The bombing came just one day after two other US soldiers were killed and three others wounded while leaving a similar municipal meeting in the southern outskirts of Baghdad. The gunman was a Sunni Arab. The attack in Sadr City coincides with a major US-Iraqi operation under way in the southern Shiite city of Amara against the Mahdi Army and other militants.

Meanwhile, US forces are still engaged in a relentless pursuit of remaining militia members in Baghdad.
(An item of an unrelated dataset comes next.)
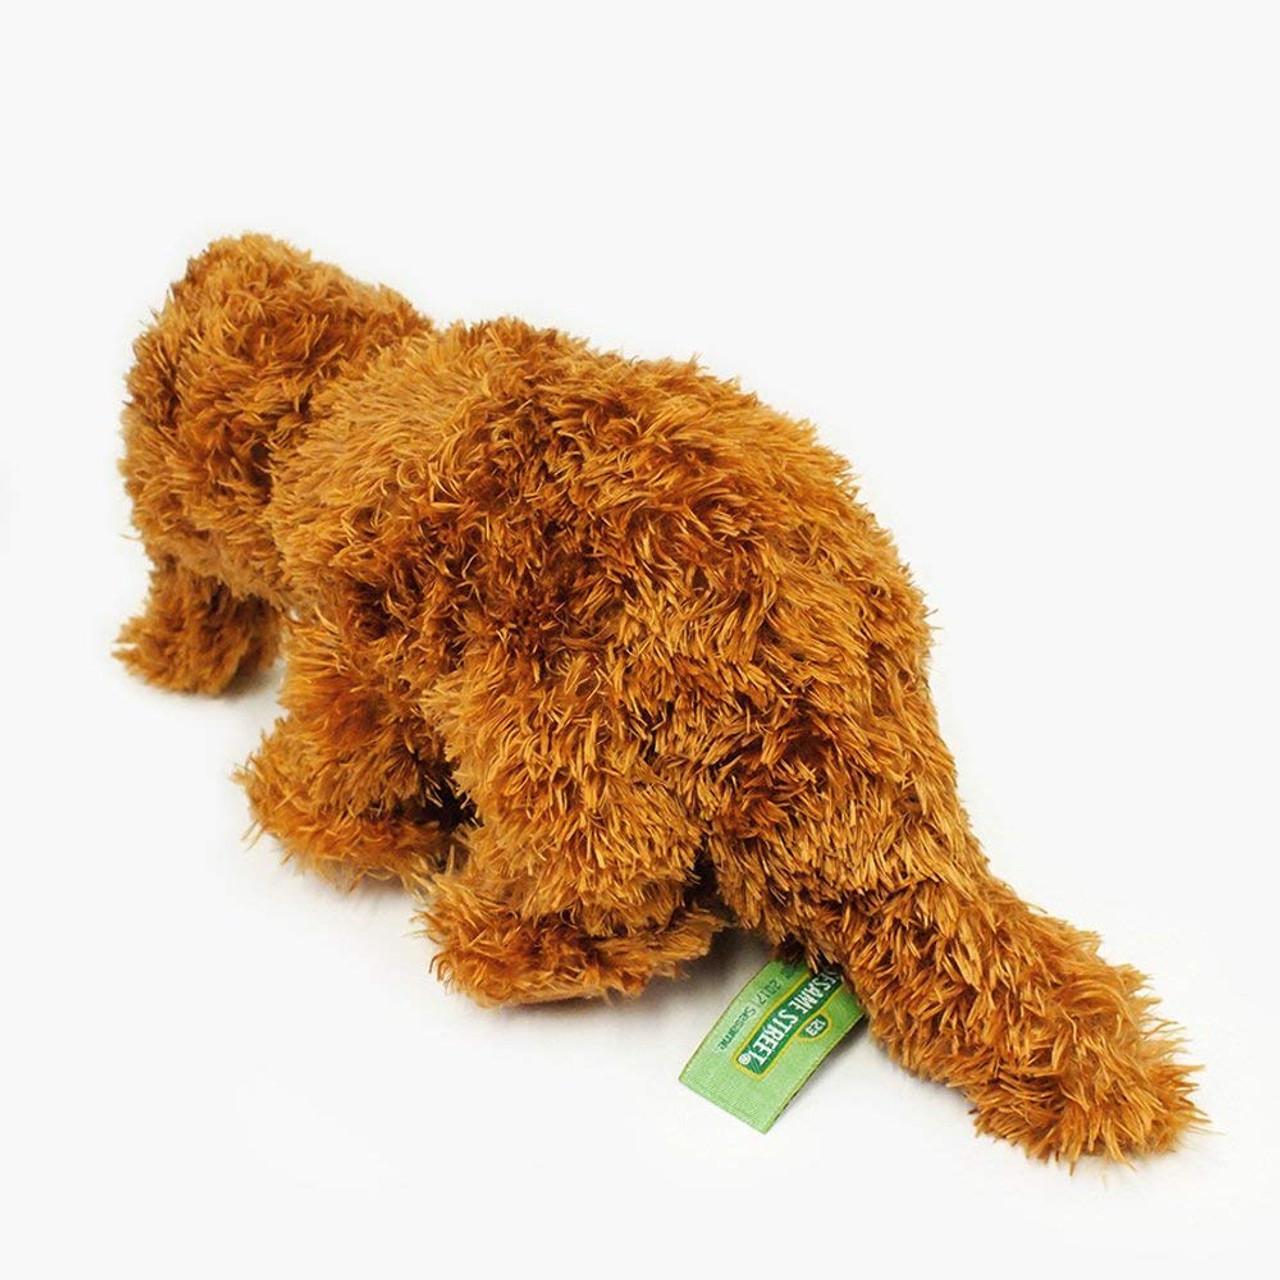 Sesame Street Snuffleupagus Soft Toy 43 cm

They are also spending millions of dollars on community projects and creating temporary jobs for thousands of poor Shiites in a move to counter Sadr's influence.

The creation of walled "safe neighborhoods" all over Baghdad free of insurgent influence has been a cornerstone of the surge in US troops implemented in early 2007 and credited with reducing the levels of violence.

Under a 14-point agreement between the Iraqi government and Sadr's representatives that ended the fighting in Sadr City on May 12, US troops are supposed to be restricted to the area south of Al Quds Street while the Iraqi Army was deployed in the rest of Sadr City to conduct raids and seize weapons.

US military spokesman Lt. Col. Steve Stover says that 94 SG operatives have been arrested since the deal was signed. He says that one-third of those are cell leaders. Iraqi forces operating north of Al Quds have found 313 weapon and munitions caches since May 20, including hundreds of sophisticated roadside bombs, rockets and mortar, and artillery rounds.